EKONOMİ: Petrol rezervlerinin tam anlamı ile tükenmesi neticesinde üretimde petrole bağımlı tüm fabrikalar tek tek kapanacak. Kapatılan fabrikalar, gerileyen dünya ekonomisi, piyasalardaki belirsizlik, ulaşımın, ticaretin durması gibi sebeplerden dolayı işsizlik tavan yapacaktır. Enerji sektörü etkilenecek ve dünya genelinde elektrik kesintileri yaşanacaktır. Gıda kıtlığı yaşanacak Gıda gibi temel ihtiyaç ürünleri konusunda dışa bağımlı olan birçok ülke kıtlık yaşayacak. Ulaşım durduğu için tüm ülkelerin ihracat ithalatı duracak böylece verimsiz toprağa sahip ülkelerde kıtlıklar yaşanacak sağlık sektörüde çöktüğü için büyük ekonomik buhranlar yaşanacaktır. Arap topraklarında tarihin en büyük kıtlığı başlayacak, gelirinin %90 a yakını petrole dayanan Suudi Arabistan tam bir çöküşün eşiğine gelecektir. Milyon dolarlık arabaları yol kenarlarına terk edilmiş halde bırakılıp bir ekmek kadar değer görmemesi de diğer bir olası durum. Savaşların biteceğini de unutmamak gerek çünkü tüm dünya ülkeleri büyük bir ekonomik buhranla iç içe ve devletler orduların ulaşımı için yakıt bulamayacak diğer yandan ateşli silahların üretimi de duracaktır. Tabi madalyonun görünmeyen yüzünde ortadoğudaki savaşları da örnek verebiliriz.

TABİAT: Doğayla uyum içinde yaşama mecburiyetine düşen insanlar öncelikli olarak kendilerini kırsal yaşama verecektir böylelikle şehirlerin yabani hayvanların istilası altında kalacağınıda tahmin etmek zor olmasa gerek. Sokaklarda ulaşım aracı göremeyeceğimizden araçların altında ezilen hayvanlarıda görmemiz mümkün olmayacaktır artık. Denizlere atılan yakıtların balık popülasyonunu negatif yönde etkilediğini biliyorduk. Artık bu sorunumuzda ortadan kalkmış olacak. Geri dönüşüm büyük bir önem kazanacağından ve zararlı atıkları doğada görmemiz artık mümkün olmayacağından hayvan ve bitki çeşitliliği kısa sürede gözle görünür derecede artacaktır. Binlerce fabrika kaderine terkedildiginden ve ulaşım araçlarının egzoz dumanı sorunu ortadan kalktığı için soluduğumuz hava artık daha da temiz olacaktır.

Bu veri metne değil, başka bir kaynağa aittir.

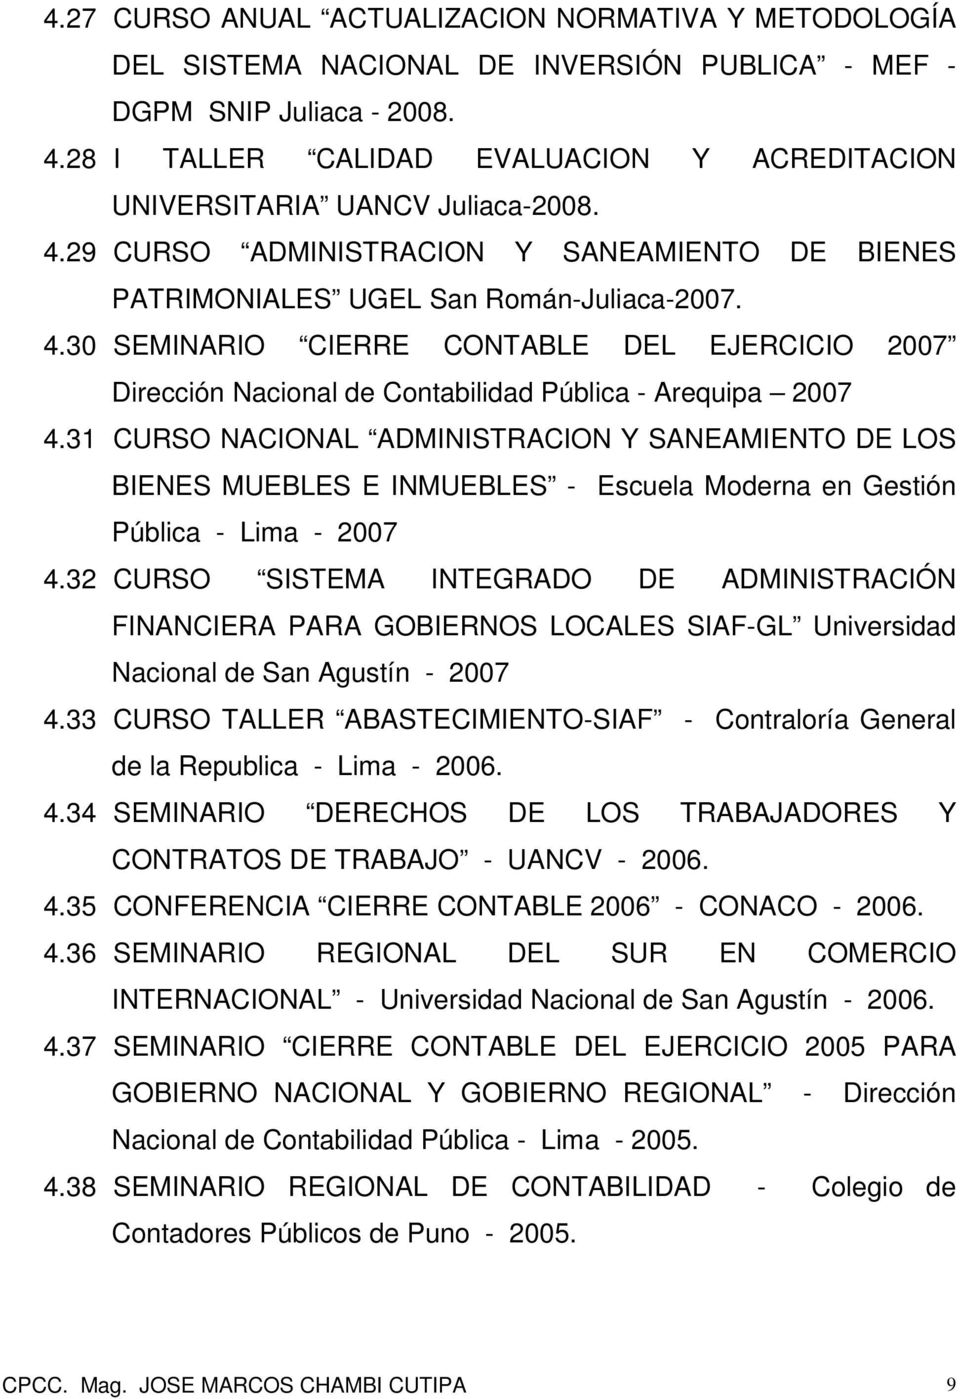 31 CURSO NACIONAL ADMINISTRACION Y SANEAMIENTO DE LOS BIENES MUEBLES E INMUEBLES - Escuela Moderna en Gestión Pública - Lima - 2007 4.

Tabi dünyadaki Çin, Hindistan, Rusya, ABD gibi nüfusu yoğun ülkeler büyük göç ve kıtlık yaşayacağından dünya nüfusu neredeyse yarıya düşecek ve bununda doğaya pozitif yönde bir etkisi olacaktır.

Özetle: Petrol biterse dünyanın nasıl etkileneceğinden kısaca bahsetmiş olduk. Genel olarak ele alırsak şöyle bir özet geçmek doğru olur.

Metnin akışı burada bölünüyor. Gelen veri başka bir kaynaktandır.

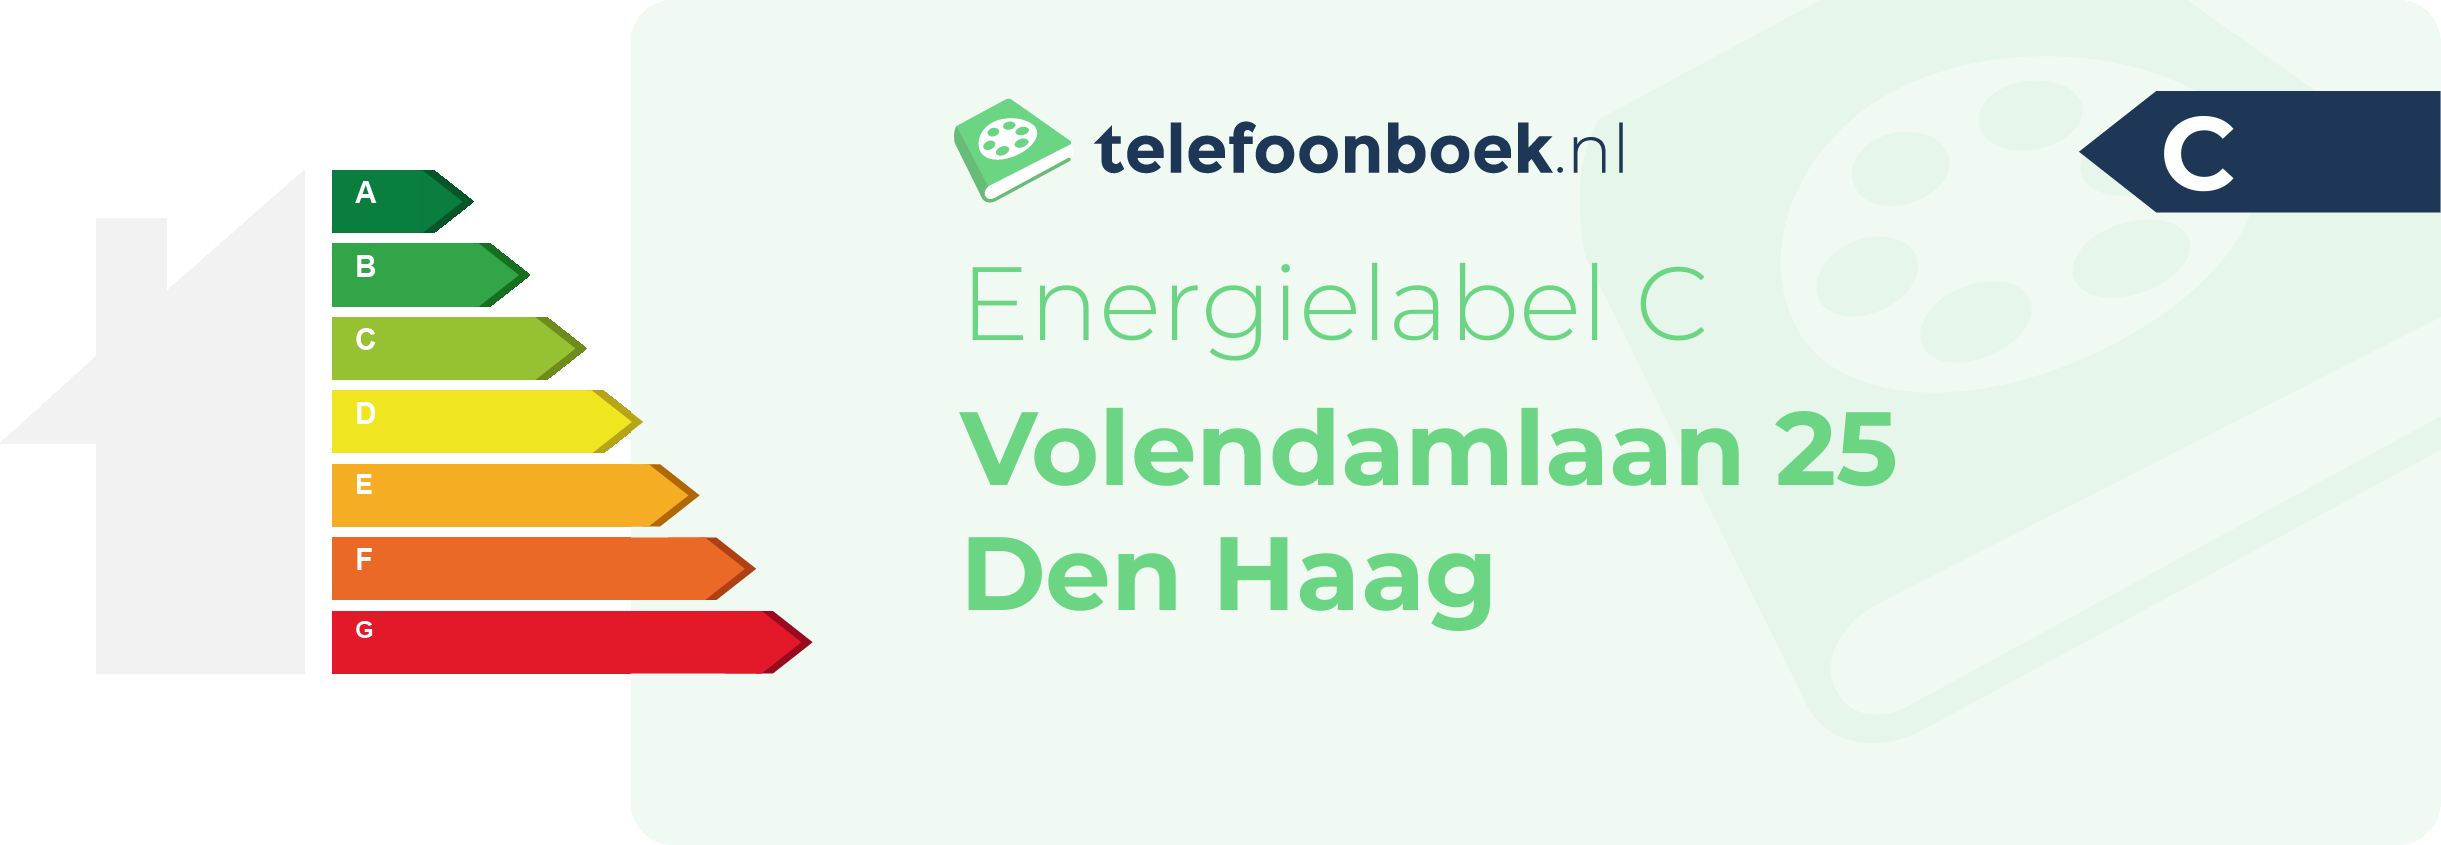 Energielabel Volendamlaan 25 Den Haag

Dünya ticareti bitecek ve dünya ekonomisi durma noktasına gelecek, tarihin hiç görmediği şekilde büyük göçler yaşanacak, insanlar dünya tarihinin ilk günlerindeki gibi tarım ve hayvancılıkla uğraşacak, genel olarak tüm dünya yüzünü doğaya çevirecek, olumlu ve olumsuz bir çok durum yaşanacak ve dünyada köklü bir değişim gerçekleşecektir. Fakat günümüzde dünyanın dışında bir gezegende varlığını sürdürmeyi hedef alan büyük devletlerin olduğunu biliyorsak bu devletlerin böyle bir gün için de şimdiden hazırlık yaptığını düşünmemek elde değildir. Yenilenebilir enerji üzerine yoğunlaşan bu devletler temiz şehirler oluşturarak bu planlarının görünen kısımlarını bizimle paylaşmaktadır.
Mesela: Petrolün daha uzun yıllar önemini koruyacağını bilen ABD ve müttefikleri kendi petrol kaynaklarını güvence altına alarak petrol ihtiyacını şimdilik Suudi Arabistan gibi müttefik ülkelerden sağlamaktadır.

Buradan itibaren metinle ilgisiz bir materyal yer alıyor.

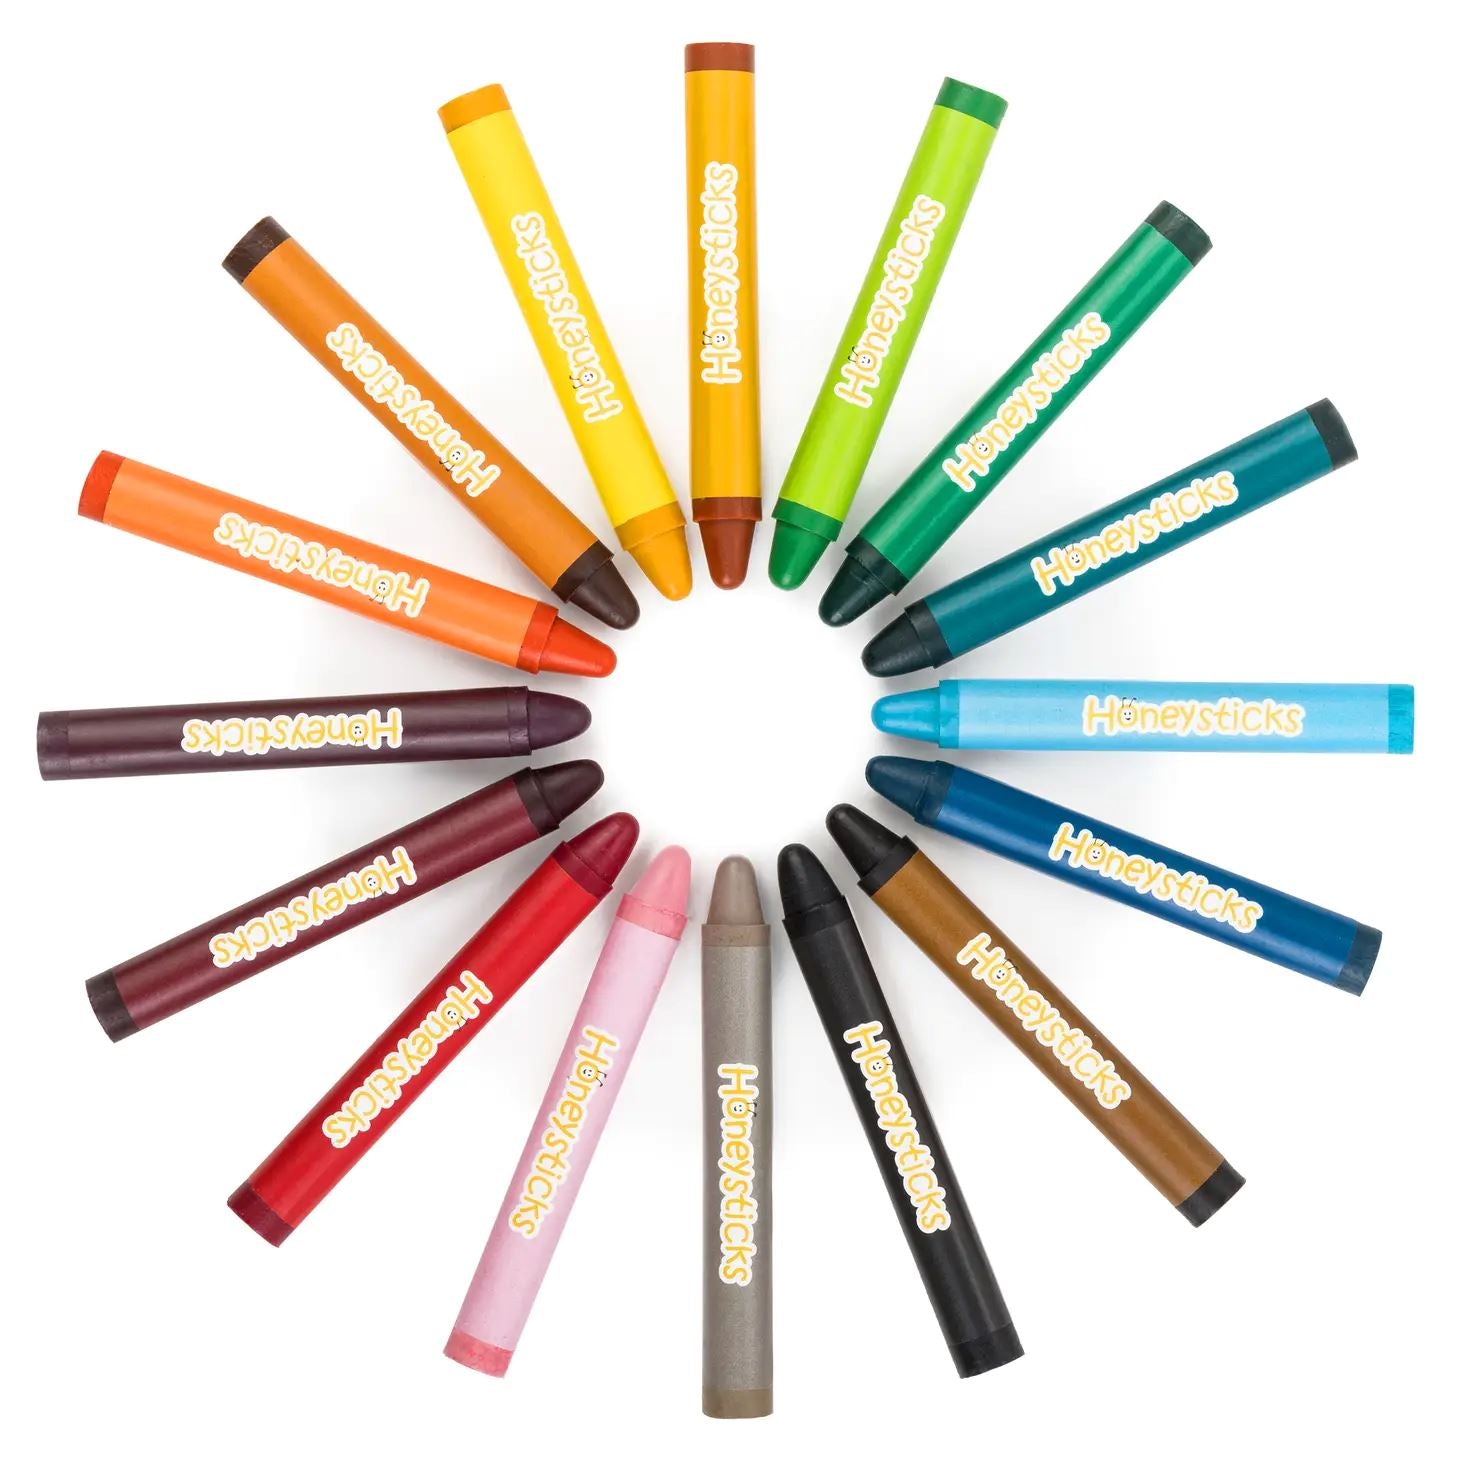 Honeysticks Jumbo Crayons 16 Pack - Third Drawer Down

Sidney, 2030 yılına kadar sera gazı salınımını %30’a indirmeyi planlıyor.
2020 yılında San Francisco’nun elektrik ihtiyacının %100’ünün yenilenebilir enerjiden elde edilmesi planlanıyor.
Frankfurt 2050’de karbon salınımından tamamen kurtulmayı planlıyor. Almanya’nın önemli şehirlerinden Frankfurt, 1985 yılından bu yana kapsamlı bir enerji programına sahip.
Kaliforniya’da bulunan San Diego, elektrikli araba pazarının geliştiği bir merkez. Amaçları ise 2035’e kadar %100 yenilenebilir elektrik.